**Data section**:
_ _ _ _ _

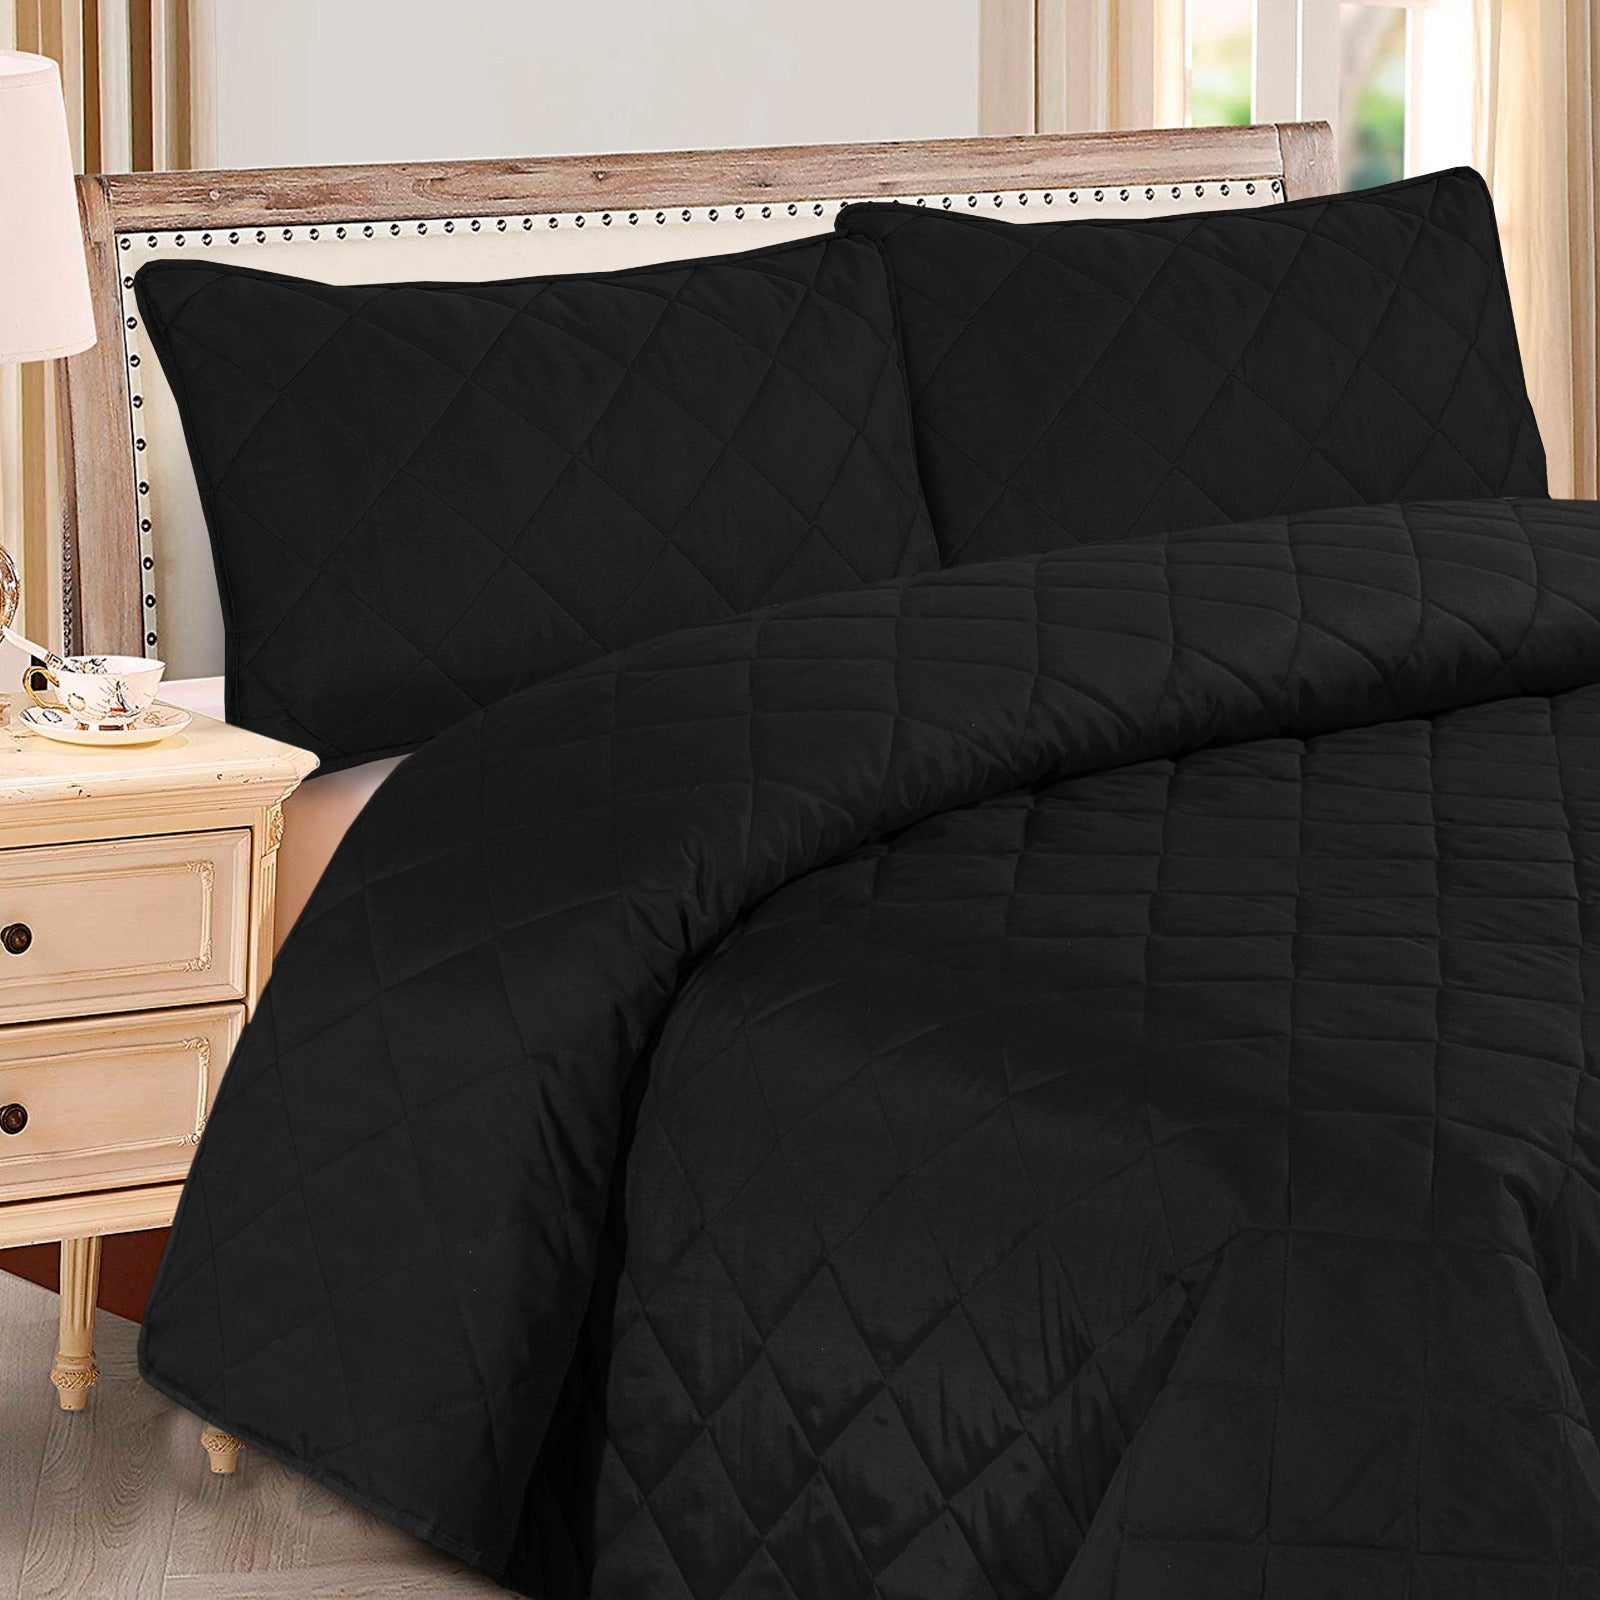 Black Plain- Summer Comforter Set (Light Filling)
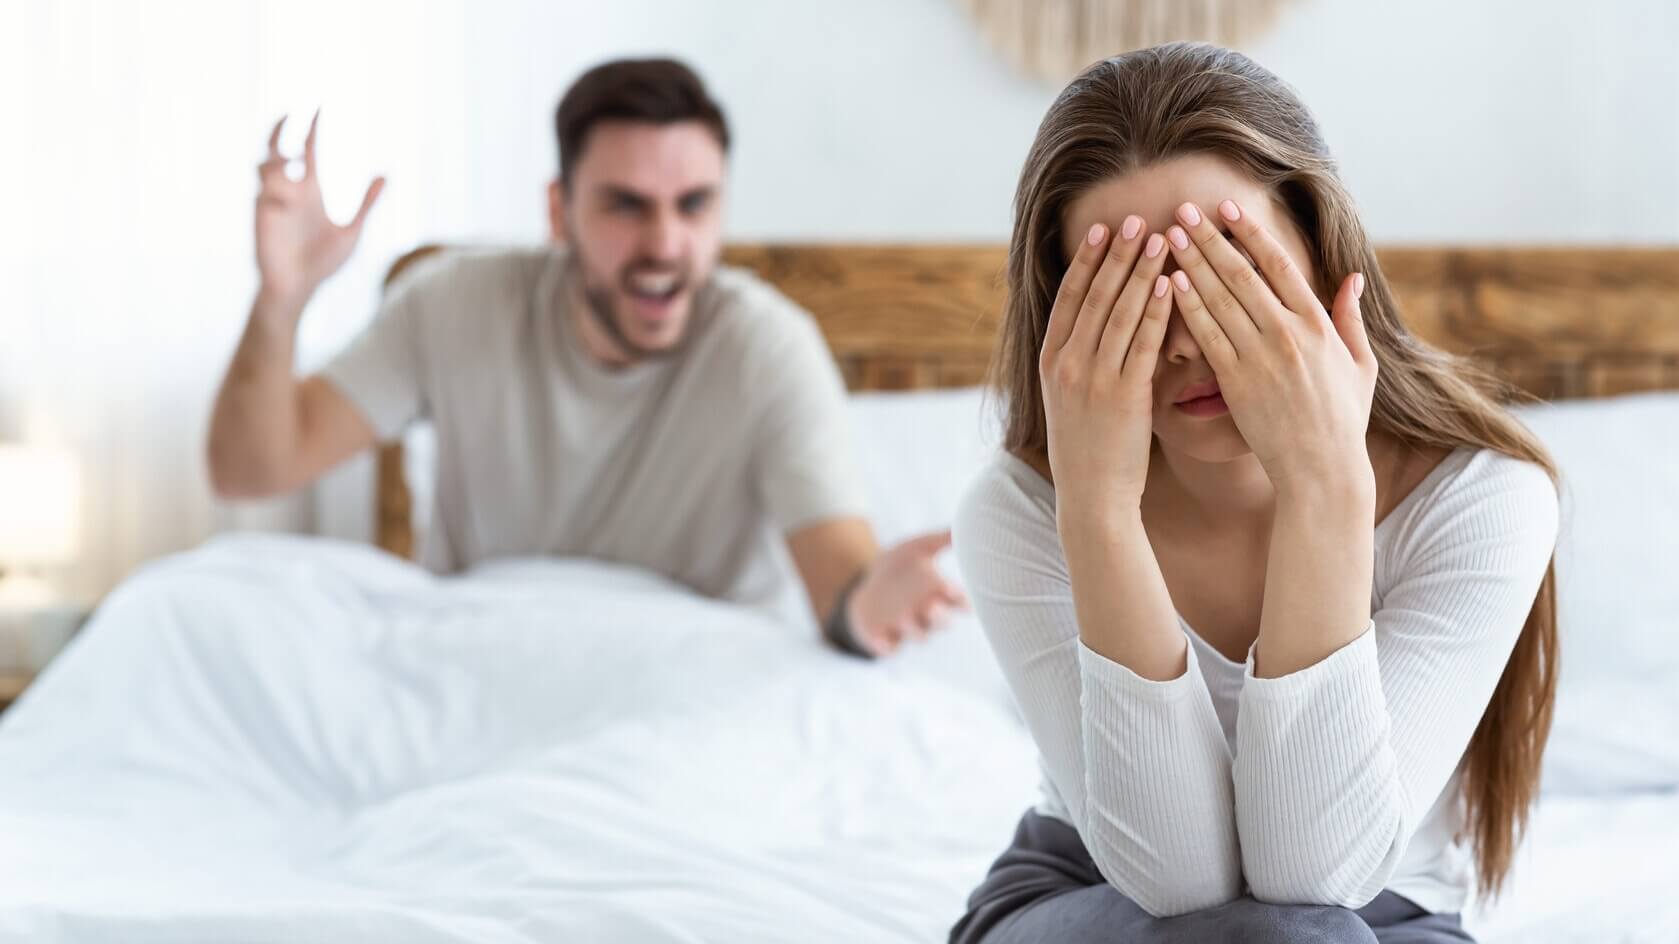 Три главные причины ссор в паре
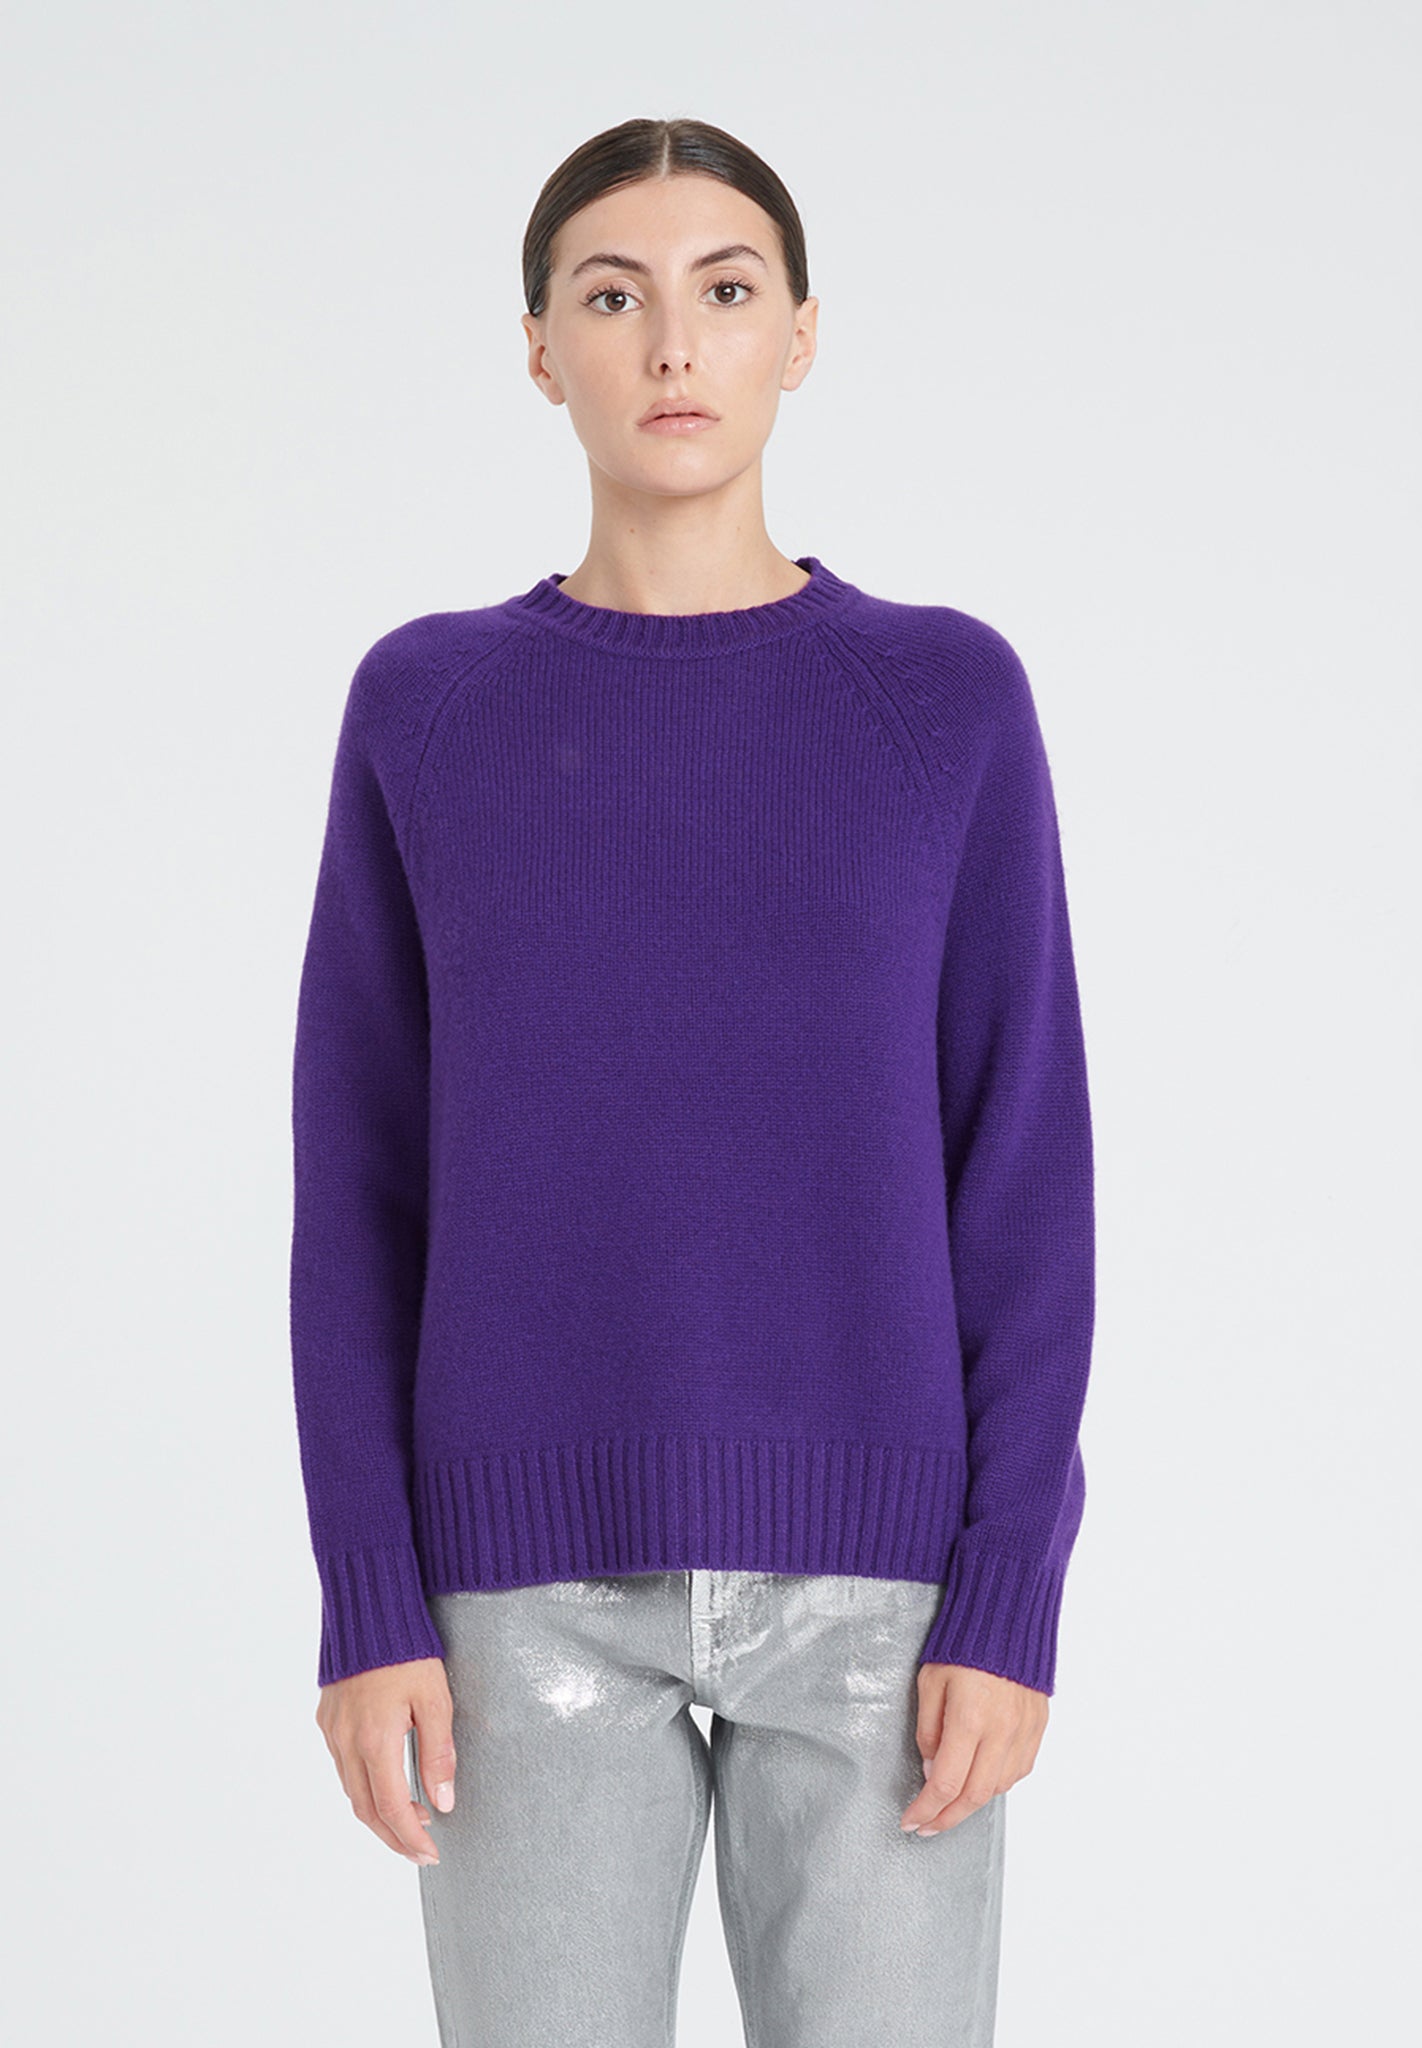 ZAYA 7 Round neck sweater with raglan sleeves in purple 6-thread cashmere

_ _ _ _ _

**Your goal**: Without any pictures, repeat the listing exactly.

**Response area**:
 Black Plain- Summer Comforter Set (Light Filling)
 Три главные причины ссор в паре
 ZAYA 7 Round neck sweater with raglan sleeves in purple 6-thread cashmere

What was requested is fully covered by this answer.